19.04.2024

Preußische Allgemeine Zeitung Zeitung für Deutschland · Das Ostpreußenblatt · Pommersche Zeitung

Suchen und finden
30.06.07 / Flickwerk Europa / Neuer Ärger droht: Verfassungsreform durch die Hintertür?

© Preußische Allgemeine Zeitung / Folge 26-07 vom 30. Juni 2007

Flickwerk Europa
Neuer Ärger droht: Verfassungsreform durch die Hintertür?
von Klaus D. Voss

Das wichtigste Ziel des Brüsseler EU-Gipfels wurde so weit verfehlt, daß kaum noch jemand darauf verweisen mochte. Zur Erinnerung: Die Europäische Union sollte für die Bürger transparenter und in den Entscheidungsprozessen demokratisiert werden, mit dem Ziel, neue Begeisterung für die EU zu wecken. Doch die Europa-Stimmung verharrt am unteren Ende der Skala - und neuer Ärger um die Grundrechte-Charta steht an.

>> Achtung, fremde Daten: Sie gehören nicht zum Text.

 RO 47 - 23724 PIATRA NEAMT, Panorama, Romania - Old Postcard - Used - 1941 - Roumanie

Auch die Reform der EU-Institutionen bleibt Flickwerk. Bei der entscheidend wichtigen Frage, wie handlungsfähig die auf 27 Mitglieder angewachsene Gemeinschaft sein kann, ist die Antwort auf das Jahr 2017 vertagt worden. Bis dahin hat in allen Streitfällen jedes Land ungeachtet seiner Größe nur eine Stimme, dafür faktisch ein Vetorecht. Erst in zehn Jahren soll das Prinzip der doppelten Mehrheit gelten - die Abstimmungen müssen dann von mindestens 55 Prozent der Staaten getragen werden, die auch 65 Prozent der Bevölkerung repräsentieren.

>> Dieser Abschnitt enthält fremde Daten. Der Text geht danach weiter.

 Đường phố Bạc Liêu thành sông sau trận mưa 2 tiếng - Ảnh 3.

Ob es soweit kommen wird, ist noch nicht gesichert. Das Ziel, Europa eine Verfassung zu geben, war gescheitert, jetzt soll ein Reformvertrag die neue Geschäftsordnung bilden. Mit dem Übergang der Ratspräsidentschaft von Deutschland an Portugal wird ein Regierungskonvent einberufen, der die kritischen Punkte abhandeln muß. Allerdings rechnen EU-Realisten mit Störmanövern einzelner Staaten - wie zuletzt Polen. Warschau hatte eine Stimmengewichtung zum Nachteil Deutschlands durchsetzen wollen, aber nur die Verschiebung auf das Jahr 2017 zugesprochen bekommen.

Streitpunkte bleiben, die Verkleinerung der EU-Kommission auf 15 Kommissare ist heikel. Der neue EU-Präsident mit einer Amtszeit von mindestens 30 (statt jetzt sechs) Monaten soll für mehr Kontinuität sorgen; diese Aufgabe wird allerdings auf den Wirkungsbereich eines Generalsekretärs beschränkt. Gedacht war ursprünglich, einen EU-Außenminister zu berufen, doch die Außenpolitik bleibt in der Souveränität der Einzelstaaten. Jetzt wird der Beauftragte für Außen- und Sicherheitspolitik in erster Linie Chef des diplomatischen Dienstes der EU sein; die Aufgabenstellung dieser neu zu schaffenden Brüsseler Behörde ist noch nicht klar umrissen.

Staatsrechtlich und politisch besonders problematisch ist das Kapitel Grundrechte. Eigentlich sollten die Grundwerte in der Verfassung verankert sein, jetzt wird der Reformvertrag mit einem Querverweis die im Jahr 2000 lediglich von den Staats- und Regierungschef proklamierte Charta der Grundrechte in Kraft setzen - und sie damit über die nationalen Verfassungen erheben. Dieser Umweg, eine Charta mit Verfassungscharakter quasi auf dem Verwaltungsweg zu stiften, ist in der Demokratie-Geschichte ohne Beispiel.

Wie viele EU-Staaten dem Beispiel Großbritanniens folgen werden und die Option zum Charta-Ausstieg nutzen, ist noch offen. Die Grundrechte-Charta greift weit in nationale Souveränität ein, zum Beispiel wird das Recht auf Strafverfolgung einzelner Länder eingeschränkt. Die Charta rückt die Staaten uneingeschränkt unter die Rechtsgewalt des Europäischen Gerichtshofs - auch in historisch heiklen Fragen. Artikel 17 der Charta garantiert zum Beispiel das Recht auf Eigentum oder Entschädigung bei Enteignung. Völlig unklar ist, ob sich etwa Polen dieser ewigen Streitfrage stellen oder die Charta ablehnen wird.